For three days, the conference raised the bar for transparent and accountable governance in the homeland. It held a job fair as it arrived at an ingenious plan to help ease the rice crisis. It networked to expand the collective entrepreneurship of Small and Medium Enterprises. It moved closer to direct development partnerships between Filipino organizations in Europe and local governments at home.
It planned to enhance professionalism and share global opportunities with Philippine-based Filipino architects and engineers. It conceived a Fil-American scheme to improve Philippine health care. It planned to unleash the power of infotech to protect the social fabric from further ripping in the psychological costs of diaspora.

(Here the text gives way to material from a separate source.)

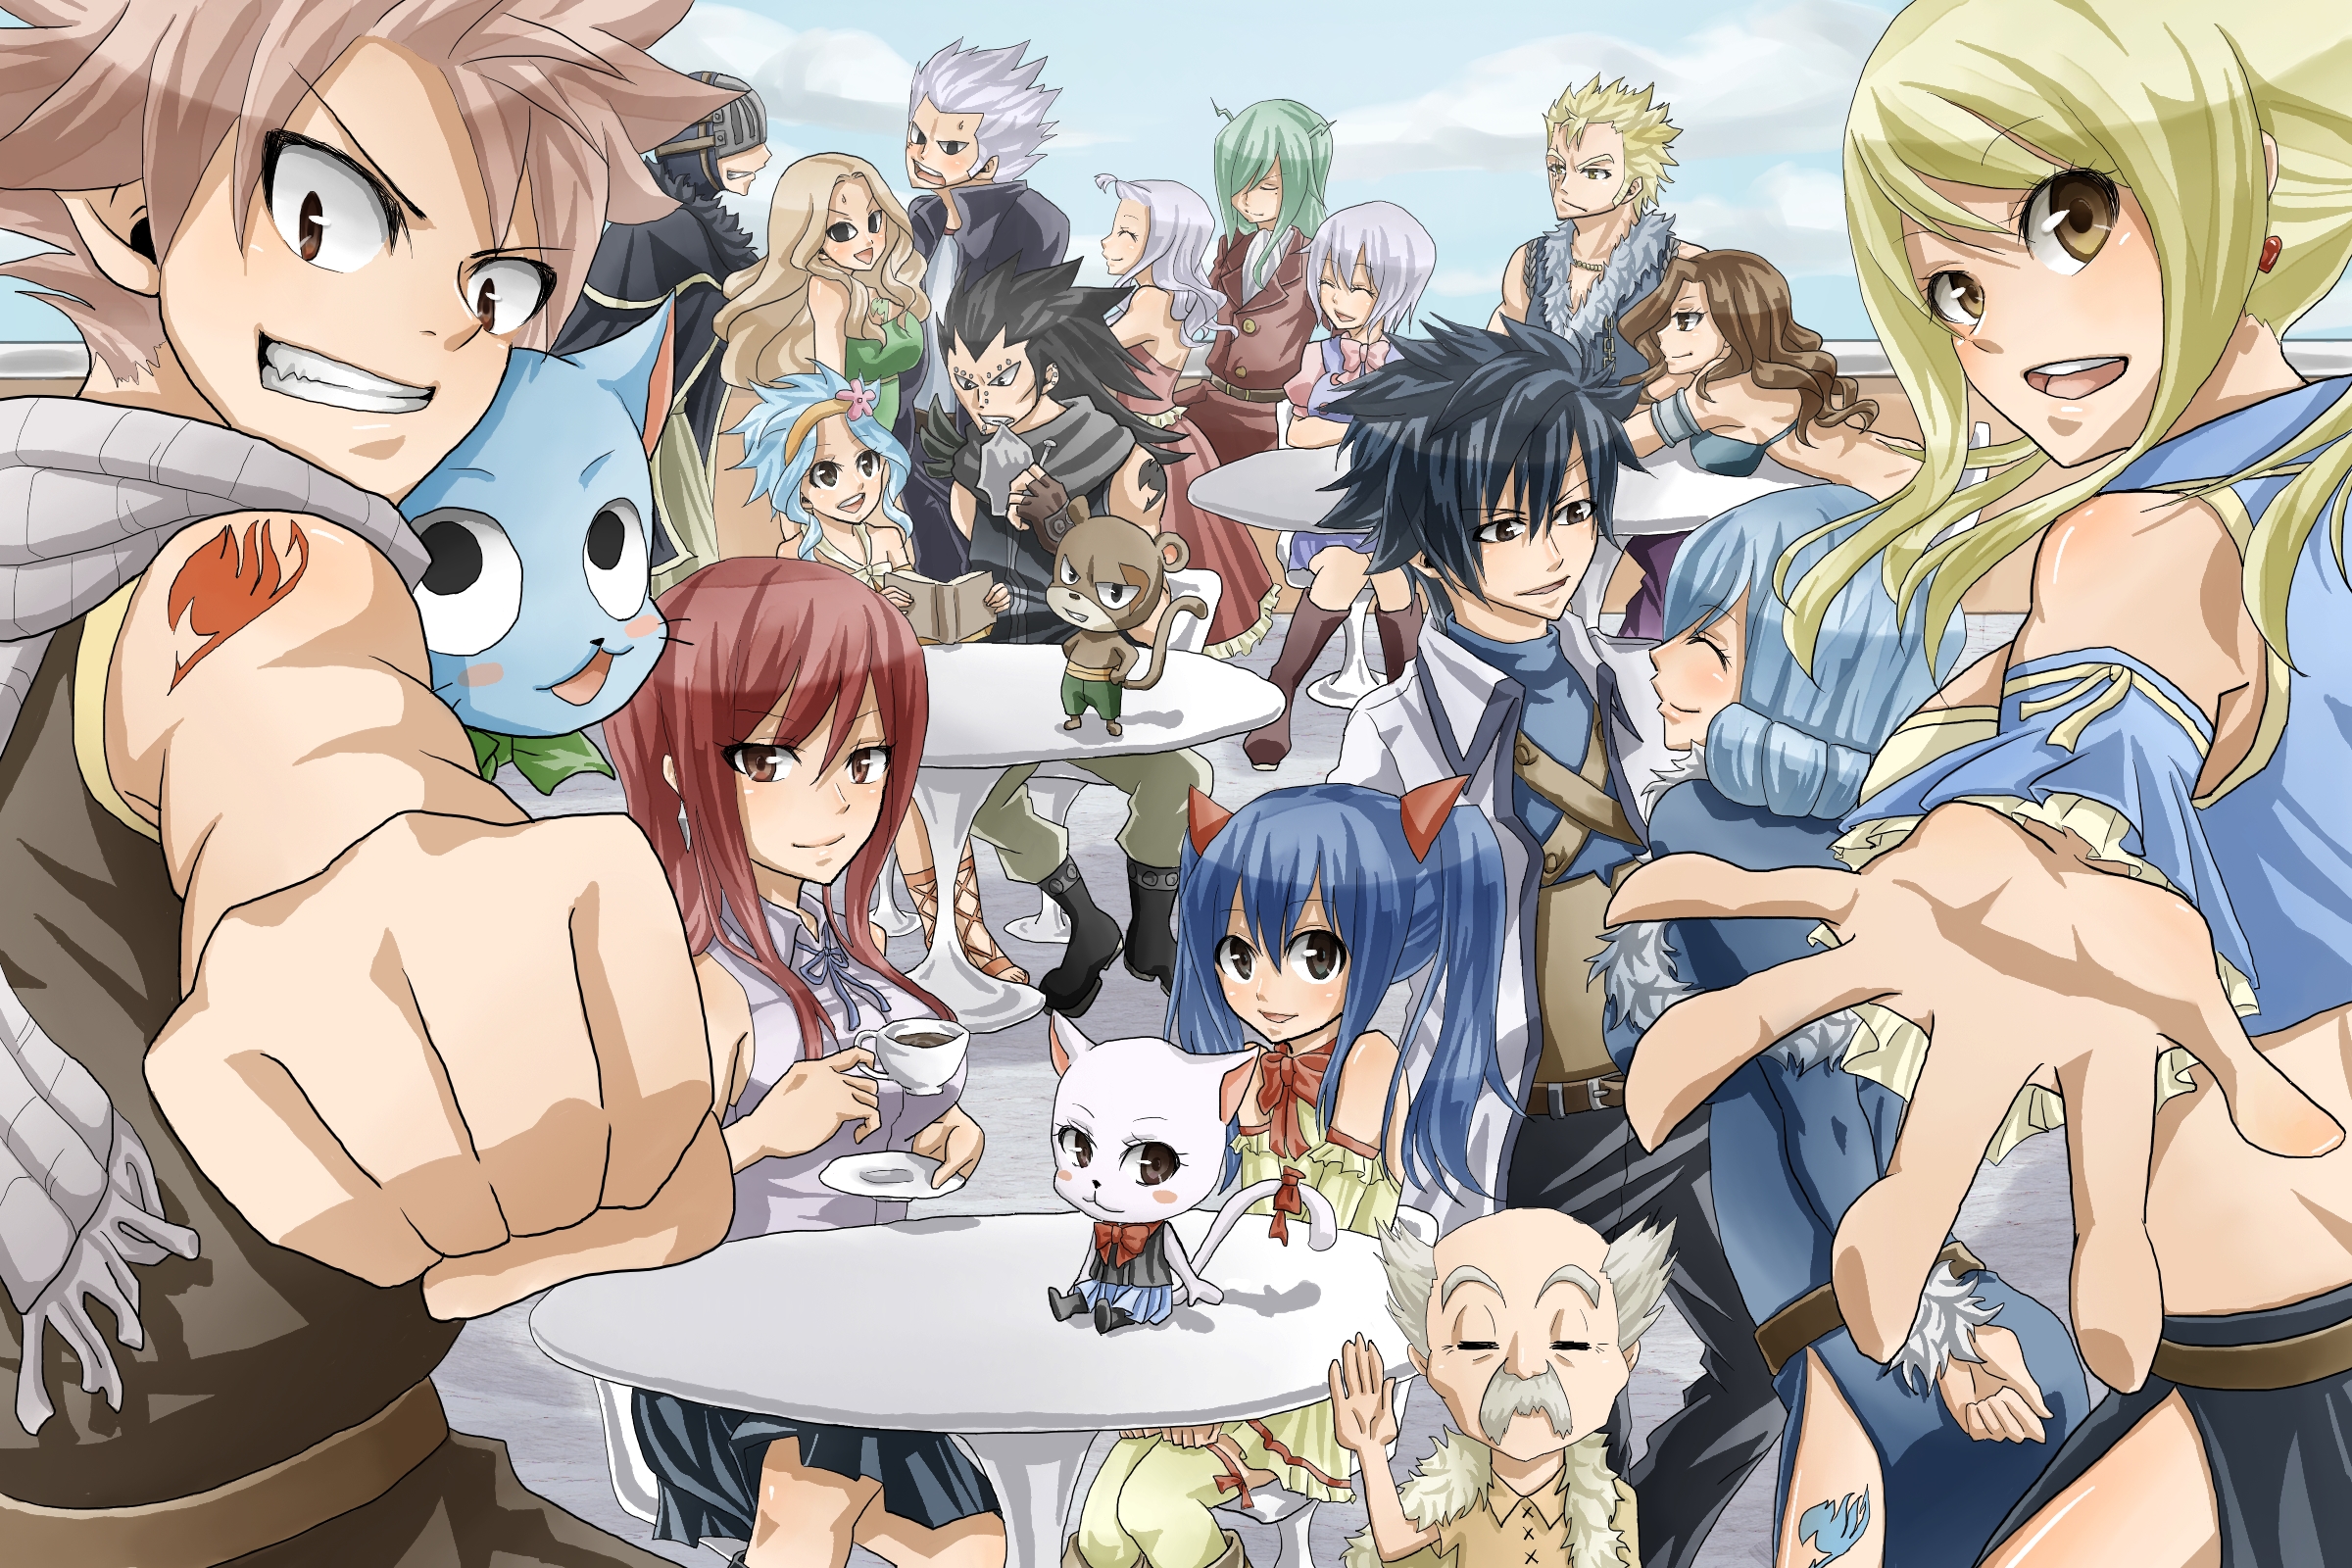 Fairy Tail Wallpaper Hd Related Keywords amp Suggestions

It warmed up for a quantum leap in the crucial arena of Philippine education with RIPE, a new pedagogical technology evolved by an impassioned overseas Filipino pro.
It was not only a reunion marked by native brilliance and humor. It was also a sociological delight, with many individual stories waiting to be told – about urban poor and rice farmers exchanging ideas with development experts and organizers; about thoroughly professional, U.S.-based nurses ready to go beyond sending remittances home to uplift healthcare in the homeland (They had to leave; they have not deserted.); about the new global perspectives of home-based participants meshing with the visions of overseas participants – a strikingly rich spectrum of humanity of many shades, with many accents, everyone a Filipino.
For now let it be said: the Global Filipino Coalition and its new parallel Global Filipino Nation, made up of broad sectors and hospitable to more, are twin bright spots in Philippine history.
Two governors were also invited to address the conference, collectively designed with an eye to peace and social justice as non-negotiable basics. One was Zacarias Candao, former Cotabato governor and present adviser to the MILF peace panel. The other was Pampanga’s present priest-governor, Fr. Ed Panlilio, now everyone’s “Among Ed,” a loudly applauded global folk hero.
The conference declared support for continuing the peace process with the MILF beyond static from Bush to Arroyo. It also opened the way to replicating Among Ed and his allies’ path to people-empowered governance, with more Filipinos answering the continuing challenge of rescuing EDSA’s waylaid dream of nation all over the country, to include a long-delayed embrace of our older Moro heritage.
At the rousing end, with mini-flags of 19 OFW host countries waving under the one flag of home, several delegates approached Barrios to ask for his autograph. “Why me?” he asked in genuine surprise.
Yes, he was conference chair. But from beginning to end, he had defined “Global Filipino Nation” as “a movement” cum networking platform – for Filipinos all over the world to plant, nurture and eventually harvest seeds of vision for a collective future where everyone can be more truly equal, at last.
But human enterprise needs leaders. Requests for his autograph were really only spontaneous recognition that Vic Barrios – a leader at the center of homecoming, wearing subliminal EDSA yellow over Marian blue – has been reading the times right. With everyone, he looks to but sees beyond raw need – as the Philippines becomes a consciously global nation, famous warmth intact.
All that considered at summer’s end, light rain cooling the air, what remains to be said is “Mabuhay!” Why, this could even lead to more of us cleaning the air and waters of home together.